今日紹介するコーネル大学からの論文はこのDMVに焦点を当て、bivalent genomeでDNAメチル化が抑えられるのに関わる鍵となる分子QSER1を発見し、その機能を明らかにしたという、重要な研究で4月9日号のScienceに掲載された。タイトルは「QSER1 protects DNA methylation valleys from de novo methylation(QSER1はDNA methylation valleysが新たにメチル化されるのを防いでいる)」だ。

この研究ではbivalent promoterの代表として様々な発生過程に関わるPax6のプロモーターを用い、ヒトES細胞でのこのプロモーターの活性を変化させる分子のスクリーニングを、CRISPRによるノックアウトシステムを用いて行い、レポーター遺伝子発現が低下することがわかった分子リストの中のQSER1に着目し、この分子とbivalent promoterとの関係について研究を進めている。

Bivalent promoterの遺伝子発現が抑制されるということは、この領域がメチル化されてしまうことが想像される。そこでQSER1ノックアウトを行うと、期待通DMVとして知られるbivalent genome領域のほとんどが特異的にメチル化されることを確認している。すなわち、QSER1がbivalent genomeのメチル化をブロックする分子であることがわかった。

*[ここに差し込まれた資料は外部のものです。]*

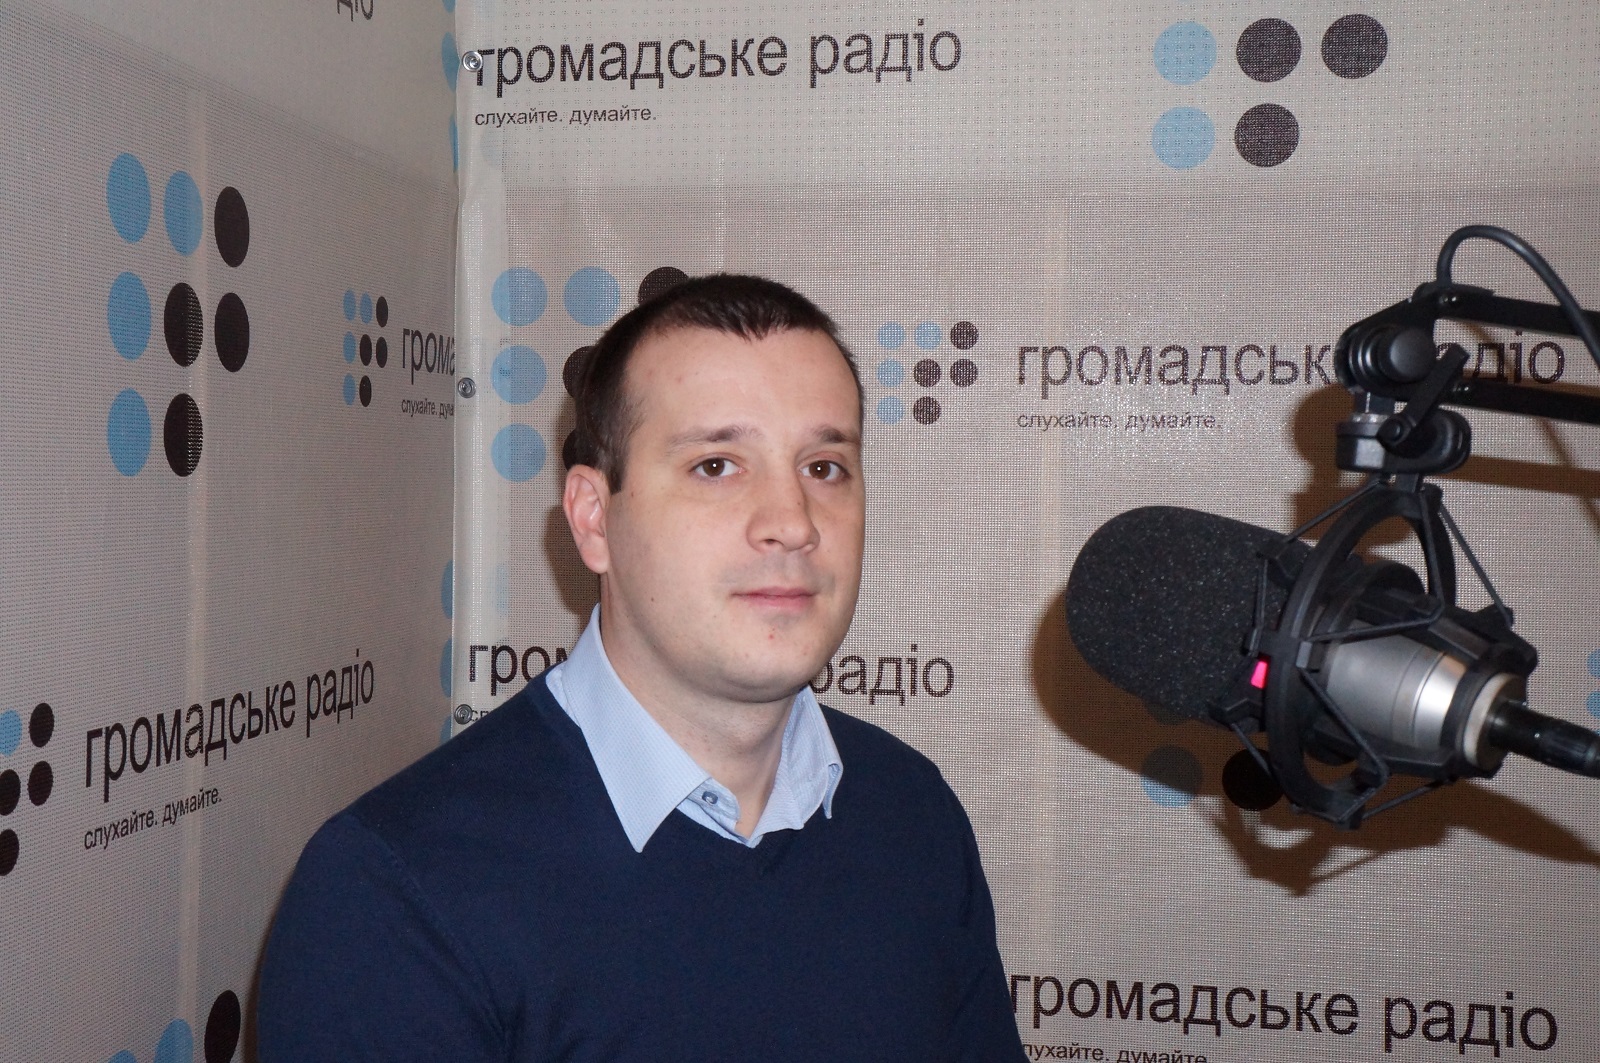 Робота — це зараз пріоритет номер один для людей на Донбасі, — В. Андрусів
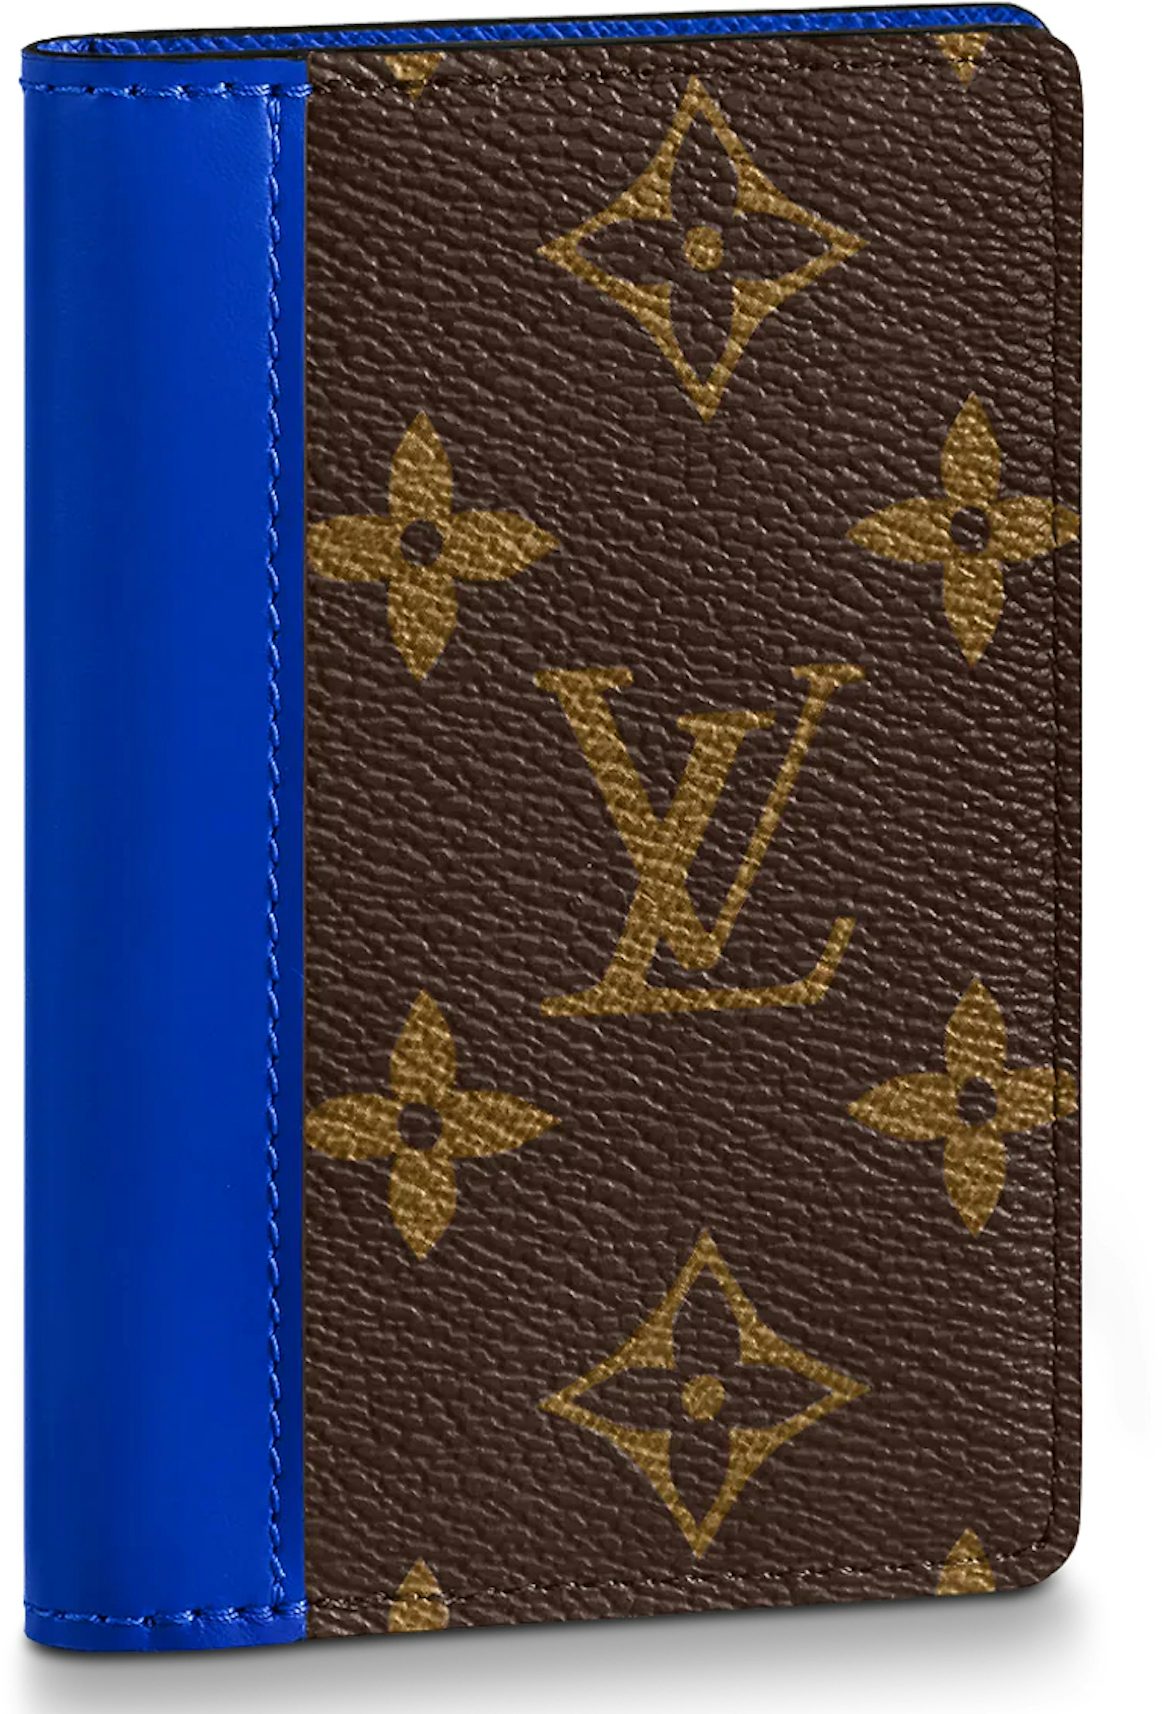 Louis Vuitton x Supreme Pocket Organizer

DNAメチル化の抑制には、新たにメチル化を行うDNMT3などの酵素をこの領域から除外するとともに、メチル化を外すTET1などと協調する必要がある。そこで、QSER1とTET1の関係を中心に研究を進めている。実験は、ゲノム全体のクロマチン構造と、bivalent部位に集まる分子を詳細に検討することで行われており、詳細は省いて結果だけを箇条書きにする。ただ重要な論文なので、多能性や、細胞分化を研究する人には是非自分で原著をあたって欲しいと思う。

結果だが、

  • QSER1とTET1それぞれのノックアウトではオーバーラップしたDNAメチル化領域が上昇するるが、QSER1ノックアウトの方がよりDMV特異的なメチル化が見られる。
  • QSER1はより大きなDMV領域のメチル化阻止に関わっている(メカニズムは不明)。
  • これらの領域にQSER1、TET1は結合しており、逆に新たなメチル化に関わるDNMT3はこの領域から排除されている。
  • QSER1,TET1それぞれ、あるいは両方をノックアウトしても、ES細胞の多能性の維持には大きな影響はない。しかし、embryoid bodyを形成させて自発的分化を誘導すると、分化の効率が低下する。

最終的には、なぜ大きなDMVにQSER1が選択的に働くのかなど、わからない部分も多いが、bivalent genomeに結合する分子が特定できたことで、またこの分野が進むと思う。

これまでbivalent promoterというと、多能性幹細胞の研究と同義語だったが、ガンで同じようなbivalent genomeがリプログラムされてくることが明らかになっており、俄然注目が集まってきた。この分子がわかったことで、ガンにおけるエピジェネティックリプログラミングの理解も進むと期待している。